Provided data:
*-*-*

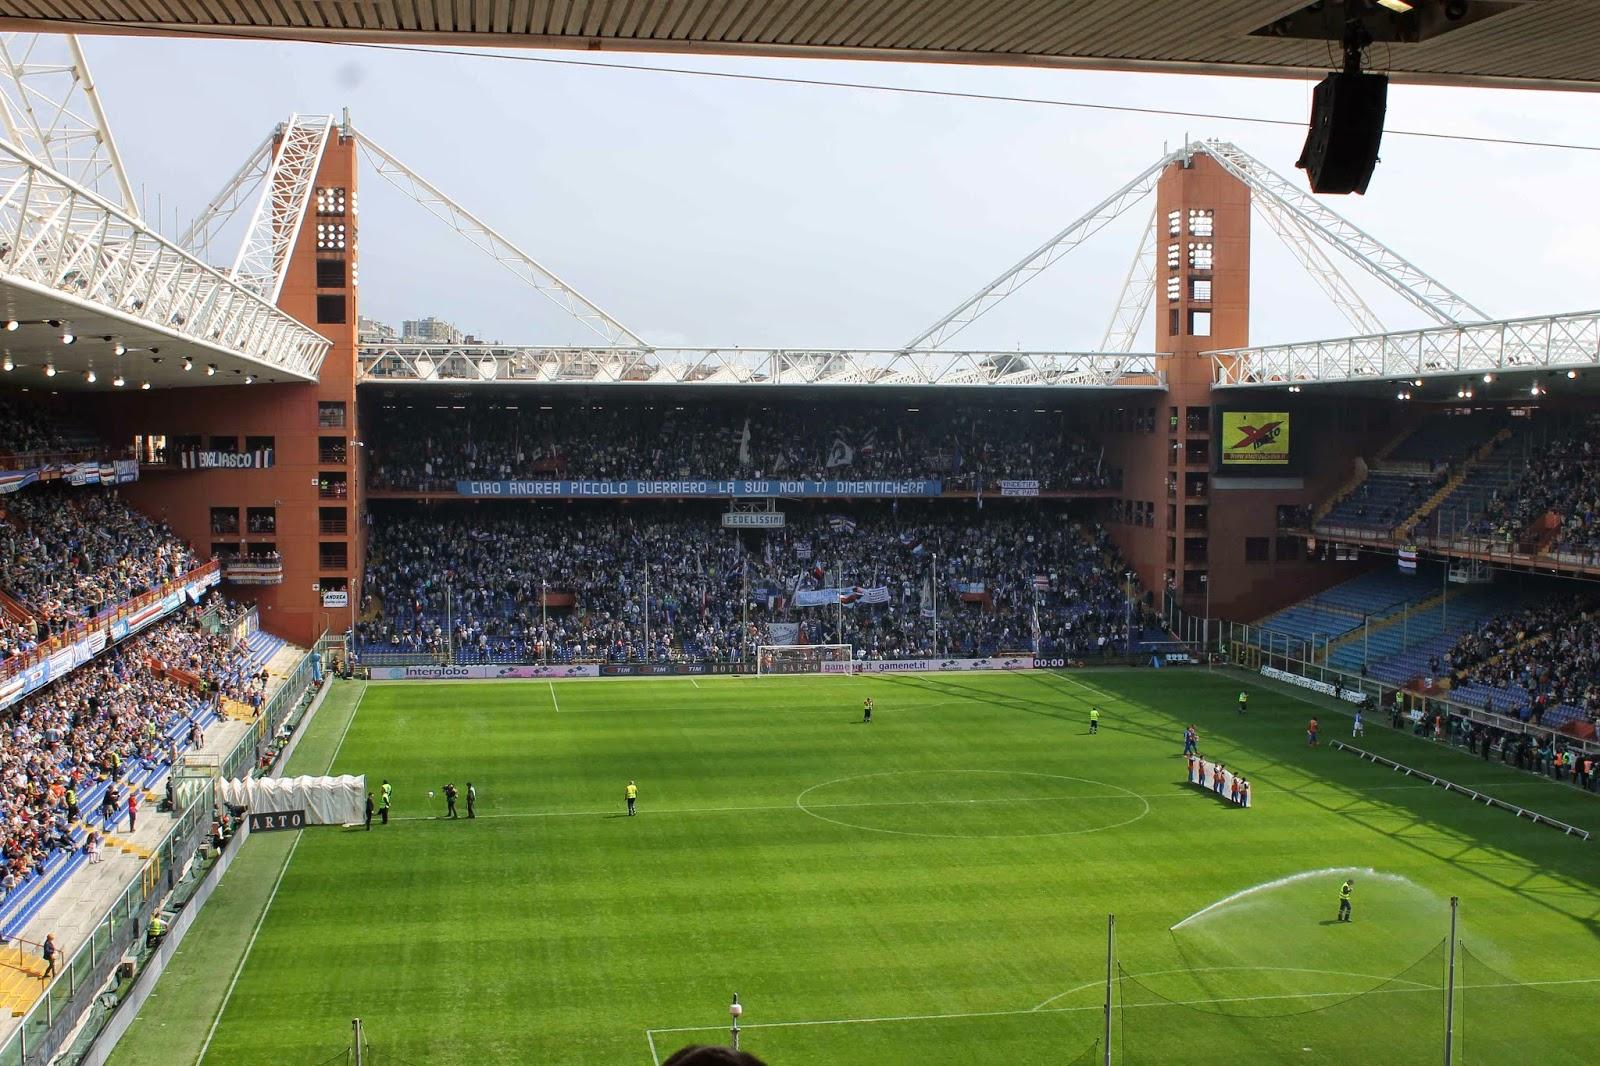 Sampdoria Genua Stadion
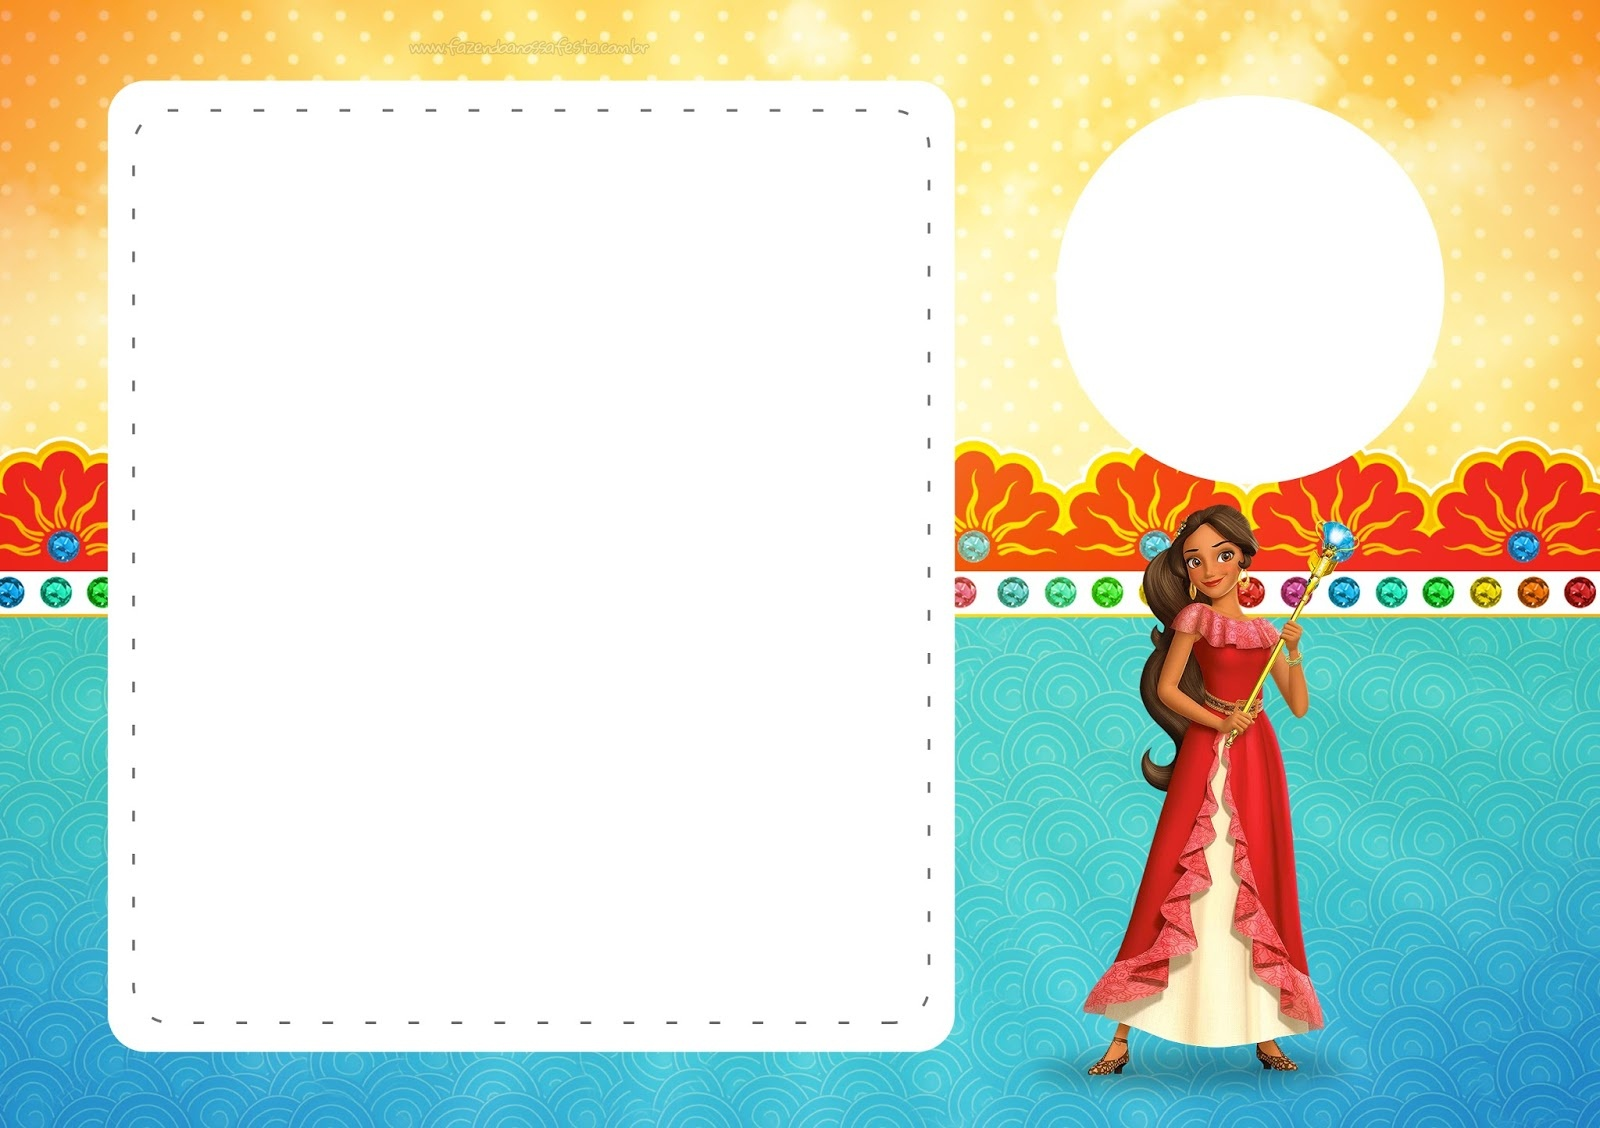 Elena Of Avalor: Free Printable Invitations. - Oh My Fiesta! In English - Elena Of Avalor Free Printables
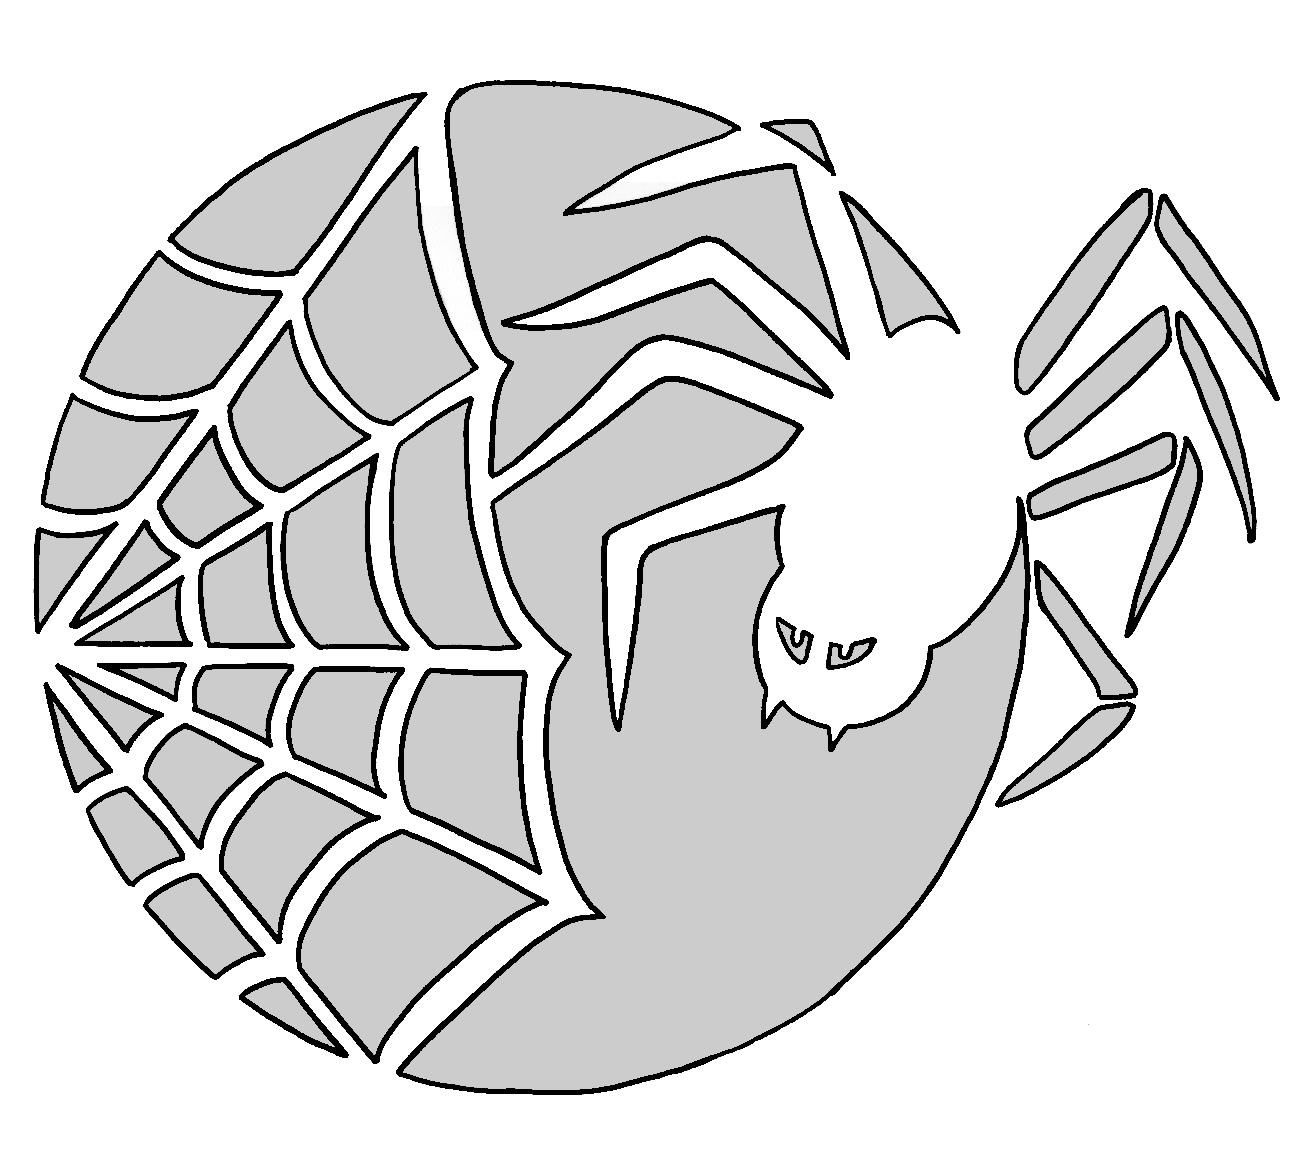 Spider Web Pattern | Spider Man Party In 2019 | Pumpkin Carving - Spider Web Stencil Free Printable

*-*-*

Task to complete: In your copy, restate the data above word for word but leave out any picture.

Finished task:
 Sampdoria Genua Stadion
 Elena Of Avalor: Free Printable Invitations. - Oh My Fiesta! In English - Elena Of Avalor Free Printables
 Spider Web Pattern | Spider Man Party In 2019 | Pumpkin Carving - Spider Web Stencil Free Printable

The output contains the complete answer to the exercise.